= Molly Fowler =

Television producer

Molly Macklin Fowler is an American television producer and documentary filmmaker who reframed her investigative and story-telling skills as a mitigation specialist for criminal litigation.

She was executive producer of Red Darragh Films, LLC, and has been a supervising and co-executive producer for now-governor Wes Moore and his Omari Productions since 2011 when she was paired with Moore for his debut as series anchor for "ABC News Beyond Belief on OWN". Together they produced the PBS mini-series Coming Back with Wes Moore with a grant from The Corporation for Public Broadcasting for Omari and Powderhouse Productions in Somerville, MA. In 2018, she set up Justice-Partners, Inc. a 501c3 charity initially established to make socially relevant films, the first of which was Born To Be, the story of gender affirmation surgeon Jess Ting, M.D. which premiered at the 2019 New York Film Festival.

==Career==
Fowler was hired out of the dramaturgy program at the Yale School of Drama to represent Warner Theatre Productions at the National Theatre of Great Britain in an early TV production deal. She remained in the U.K. as a theatre director where she received a Fringe First Award at the Edinburgh Festival for her production of Emily Mann’s “Still Life” at the Traverse Theatre, which was transferred to the Donmar Warehouse in London and subsequently to Riverside Studios in London. Fowler then served as a script advisor for Dustin Hoffman’s Punch Productions. She was Literary Manager for the Manhattan Theatre Club, and in 1984 reunited with Writer/Director Emily Mann for the Broadway production of political thriller Execution of Justice, which included cast members Wesley Snipes, Mary McDonnell, and Stanley Tucci alongside John Spencer as San Francisco City Supervisor Dan White in a drama that centers around the trial for the murder of Harvey Milk and George Moscone.
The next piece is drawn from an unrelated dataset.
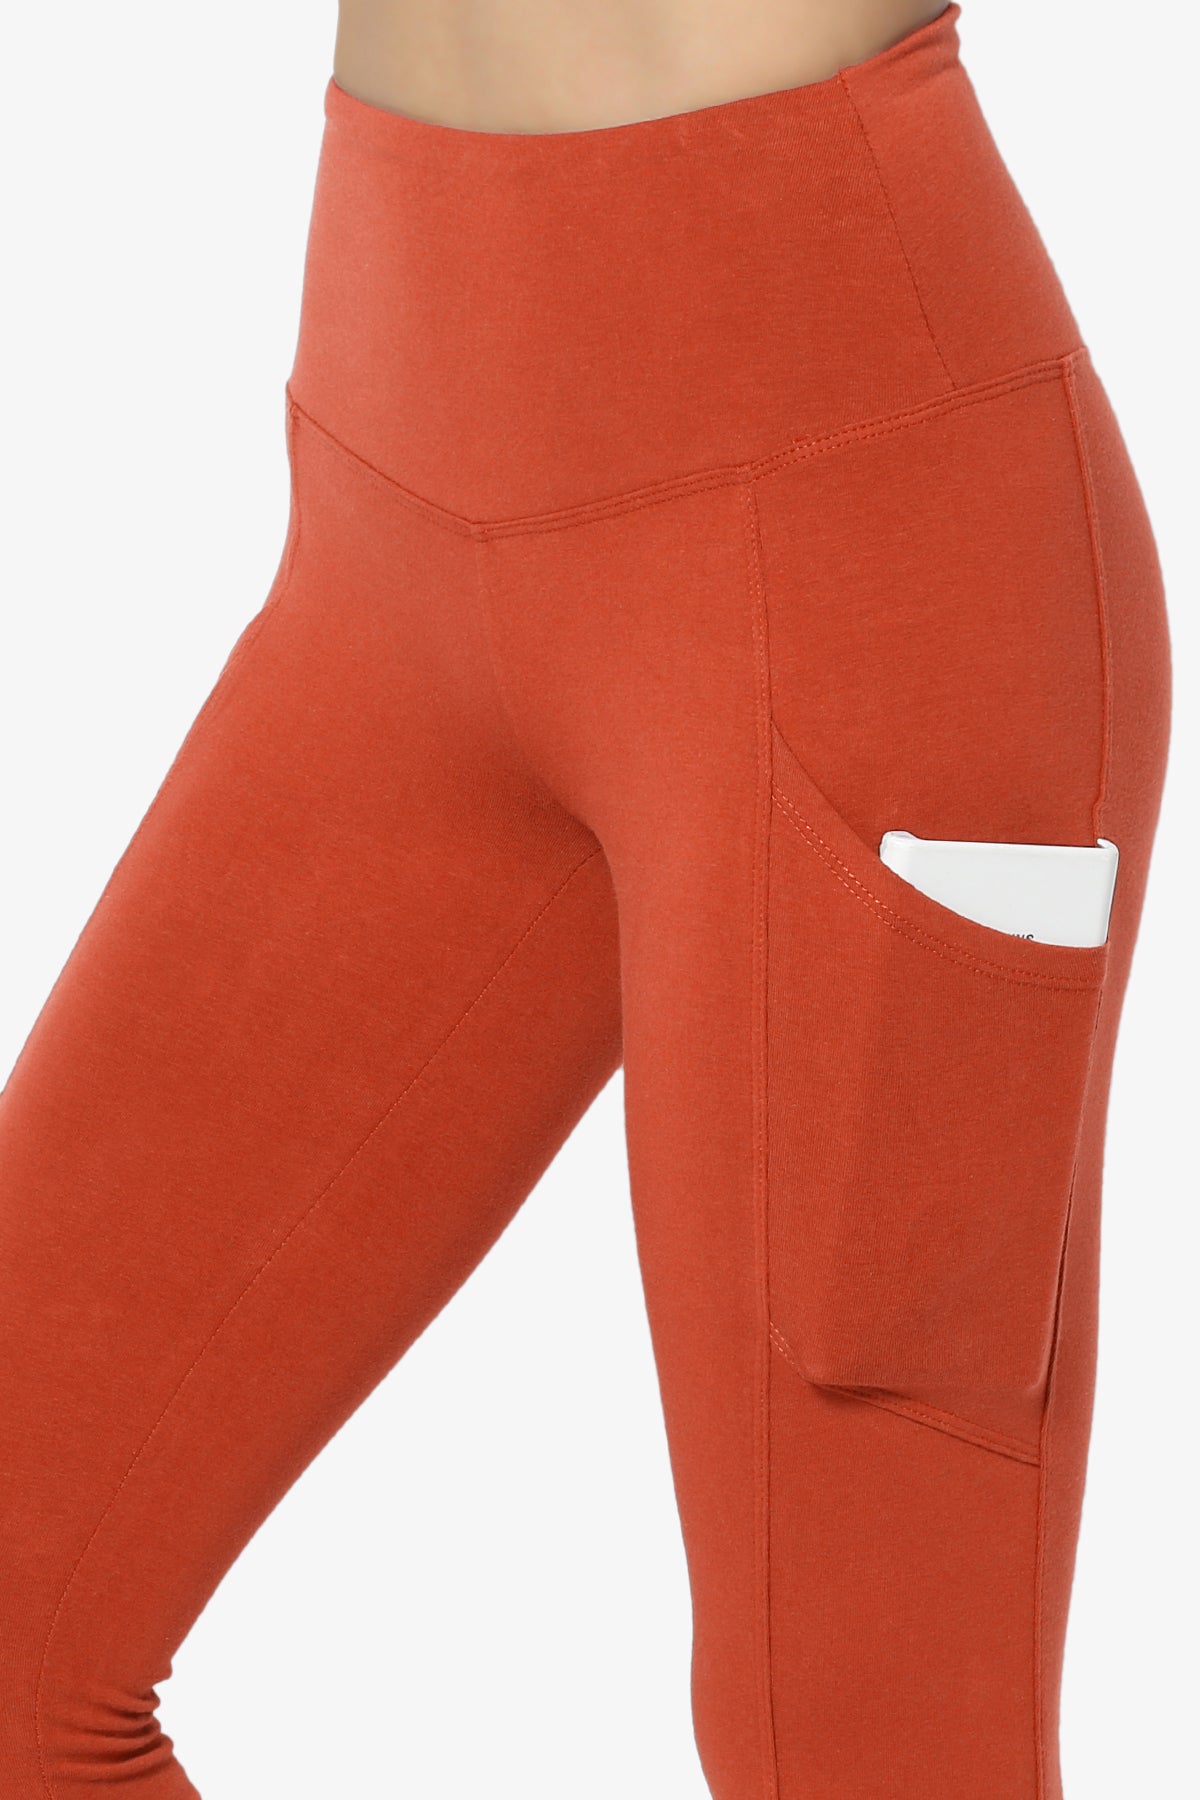 Ansley Luxe Cotton Leggings with Pockets COPPER_5

Fowler subsequently transitioned to television as a producer for Phil Donahue and as a booker for Diane Sawyer on ‘ABC News PrimeTime Live.” In 1995, Fowler joined ABC Daytime as Director of Development and served as a programming executive over ‘One Life to Live’ and ‘All My Children.’ In 2001, Fowler teamed with Producer Richard O’Regan in a joint venture between The New York Times and Granada Factual to produce World Birth Day, “World Birth Day Delivering Hope” and “World Wedding Day.” The three two-hour specials were the first productions co-funded by the Discovery International and broadcast on each of the Discovery networks around the world. Reviewed by Leslie Camhi for The New York Times, World Birth Day was described as “an ambitious and affecting two-hour documentary".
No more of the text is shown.